1. Build a **Dataset list** for the six .tsv files( `T4A`,`T4B`,`T4C`,`T7A`,`T7B`,`T7C`).
   - Click the **Operations on multiple datasets** check box at the top of the history panel.
   - Select the files mentioned above.
   - Click on ** For all selected** drop down menu and select **Build Dataset list**.
   - Once the collection is created, rename the dataset collection as `Input collection`.
   
2. Download the map_go_uniref50.txt file from [zenodo](https://doi.org/10.5281/zenodo.4115871).

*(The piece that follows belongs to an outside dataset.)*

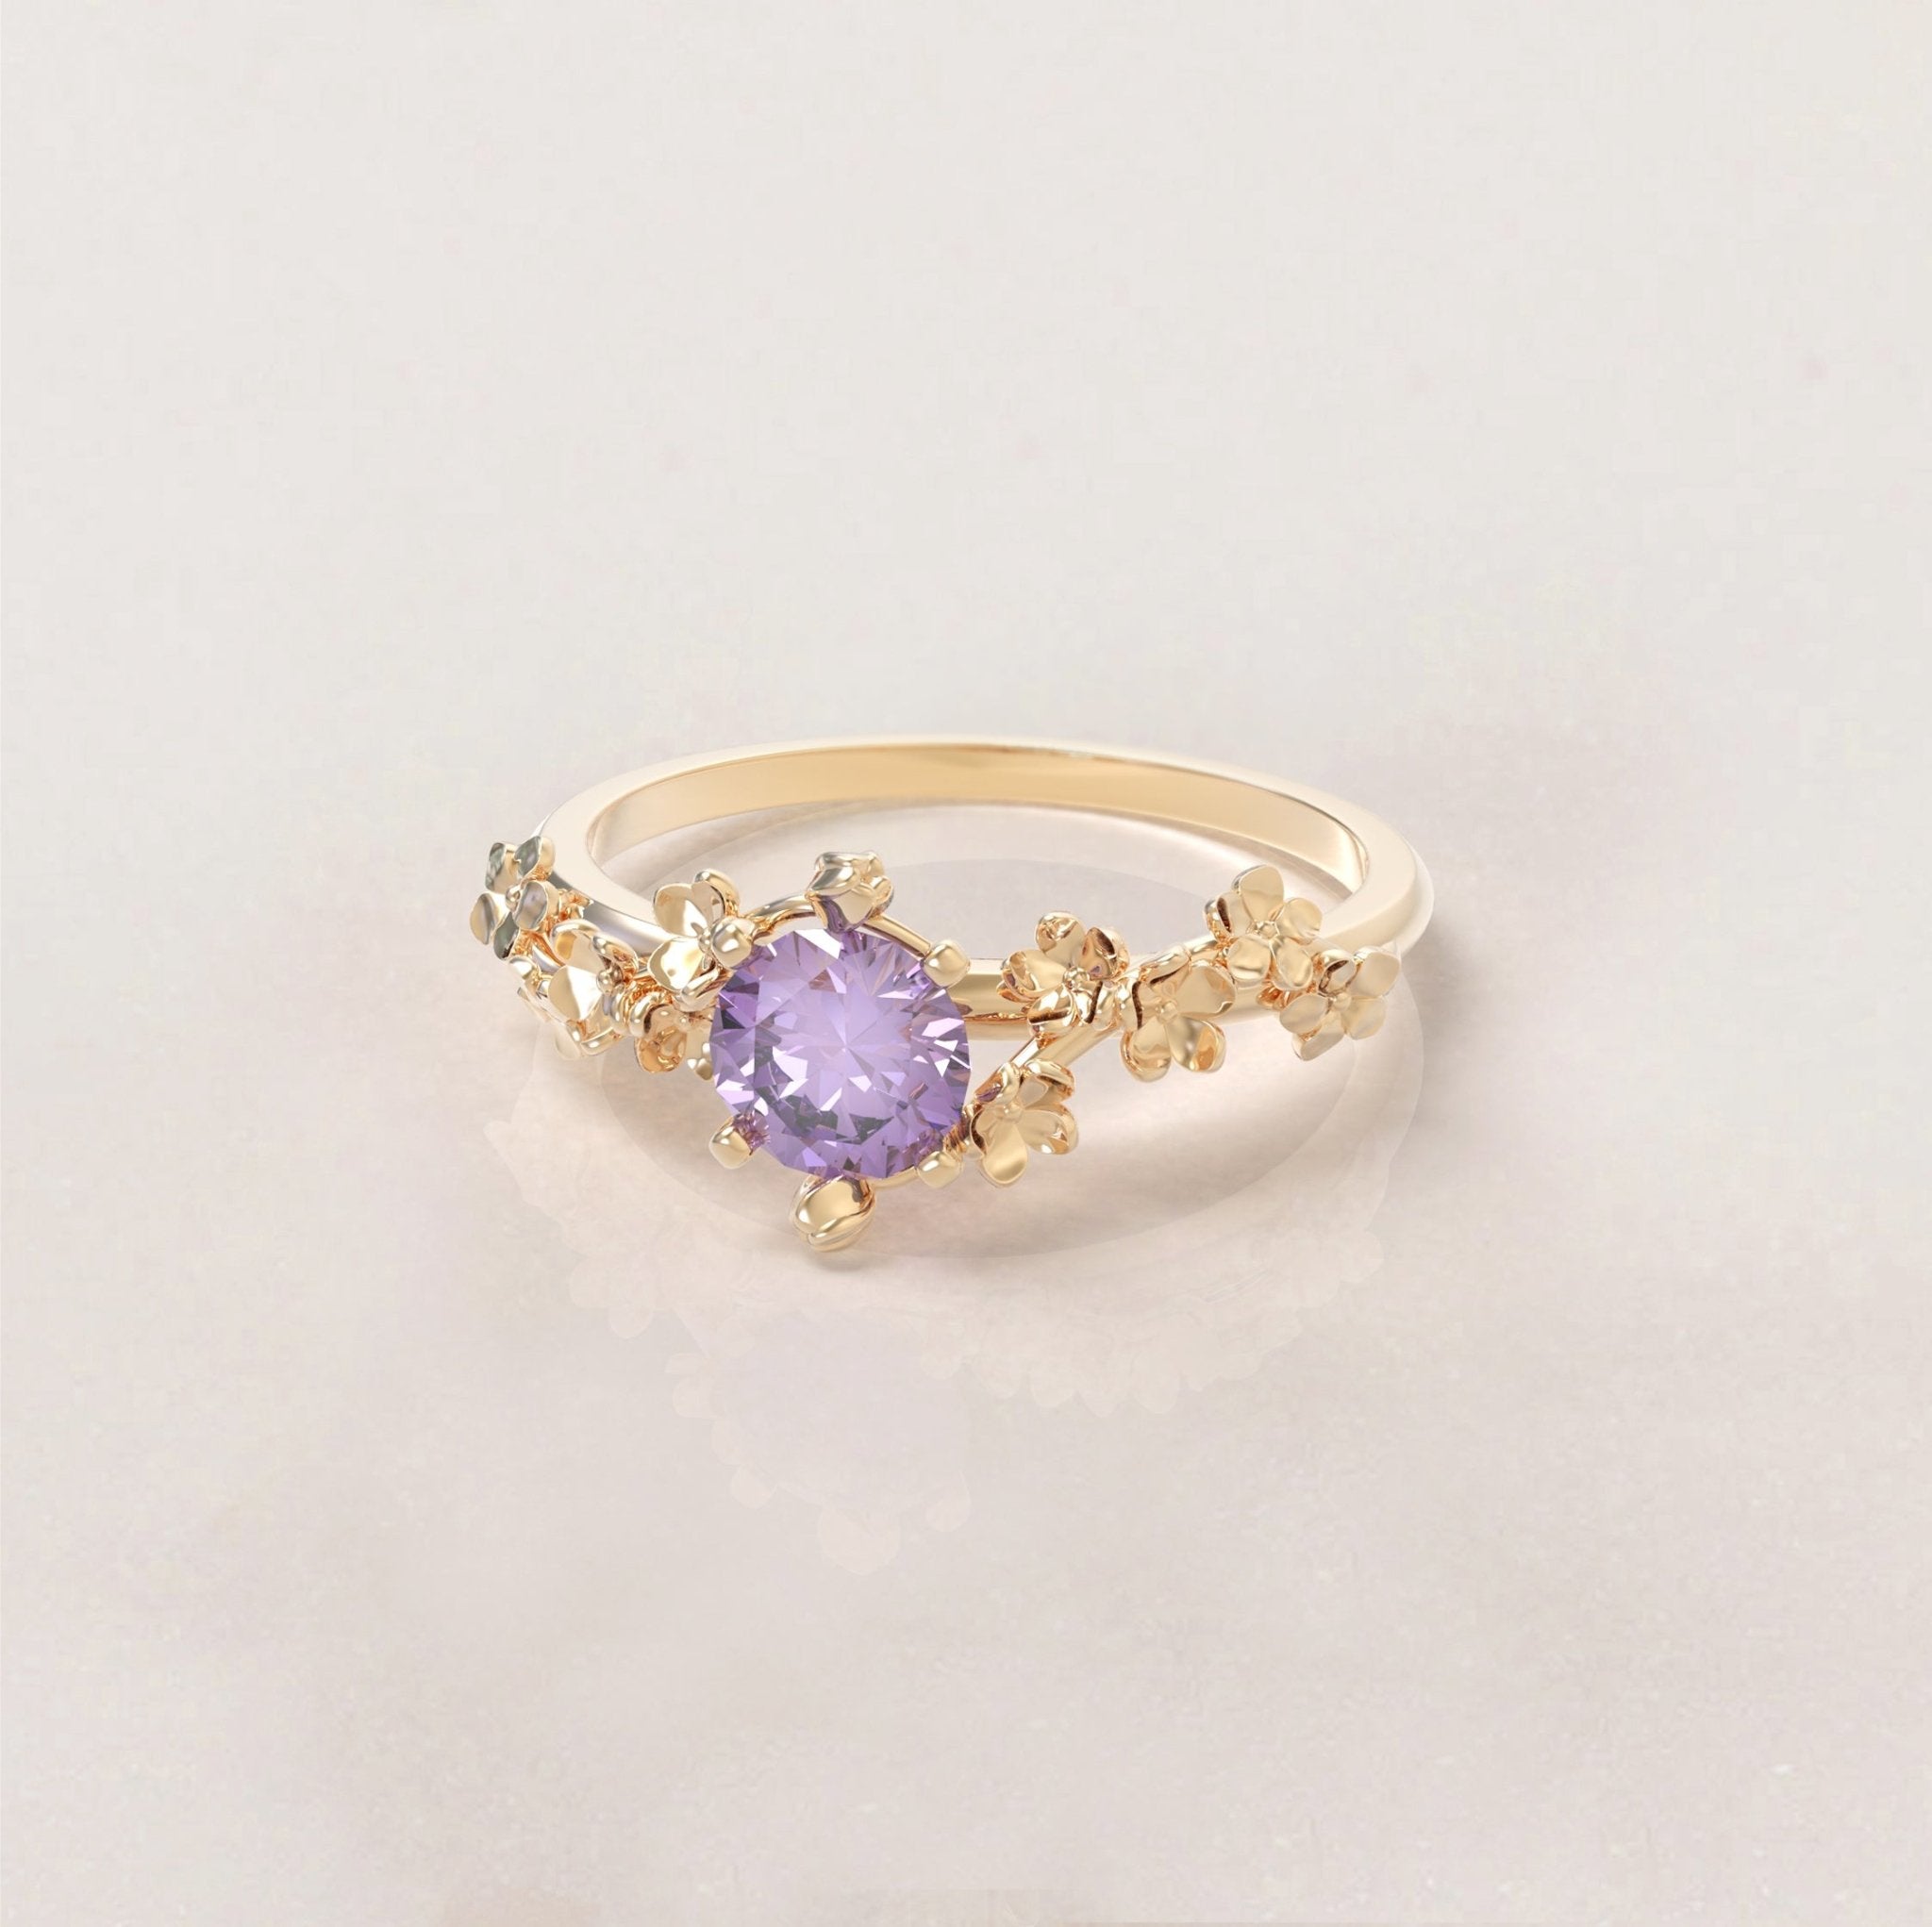 Unique Flowers Engagement Ring No.6 Version 2 in Yellow Gold - Amethyst - Roelavi

3. Run the **Regroup a HUMAnN2 generated table by features**(Galaxy Version 0.11.1.0) tool is regrouping table features (abundances or coverage) given a table of feature values and a mapping of groups to component features. It produces a new table with group values in place of feature values.
 - [**Regroup a HUMAnN2 generated table by features**](https://toolshed.g2.bx.psu.edu/repository?repository_id=85391b8d5d7ad39d) with the following parameters:
    
    - *"Gene/pathway table"*: `Input collection`
    - *"How to combine grouped features?"*: `Sum`
    - In *"Use built-in grouping options?"*: `No`
        - *"Custom groups file"*: `map_go_uniref50.txt`
        - *"Is the groups file reversed?"*: `No`
    - *"Decimal places to round to after applying function"*: `3`
    - *"Include an 'UNGROUPED' group to capture features that did not belong to other groups?"*: `Yes`
    - *"Carry through protected features, such as 'UNMAPPED'?"*: `Yes`
    
    Once this tool is run, rename the dataset collection as `Regrouped collection` .
    
4. Run the **Rename features of a HUMAnN2 generated table** (Galaxy Version 0.11.1.0)tool to change the Uniref-50 values to GO term . 
 - [**Rename features of a HUMAnN2 generated table**](https://toolshed.g2.bx.psu.edu/repository?repository_id=c68108109505c2f5) with the following parameters:
    
    - *"Gene/pathway table"*: `Regrouped collection`
    - *"Type of renaming"*: `Standard renaming`
    - *"Table features that can be renamed?"*: `Gene Ontology (GO)`
    - *"Remove non-alphanumeric characters from names?"*: `No`
    
    Once this tool is run, rename the dataset collection as `Renamed collection`.
    
     
5. Run the **Join HUMAnN2 generated tables** (Galaxy Version 0.11.1.1) tool to merge all the files into one.
 - [**Join HUMAnN2 generated tables**](https://toolshed.g2.bx.psu.edu/repository?repository_id=9b27f096128b26ff) with the following parameters:
   
   - *"Gene/pathway table"*: `Renamed collection`
    
    Once this tool is run, rename the dataset collection as `Joined Data`.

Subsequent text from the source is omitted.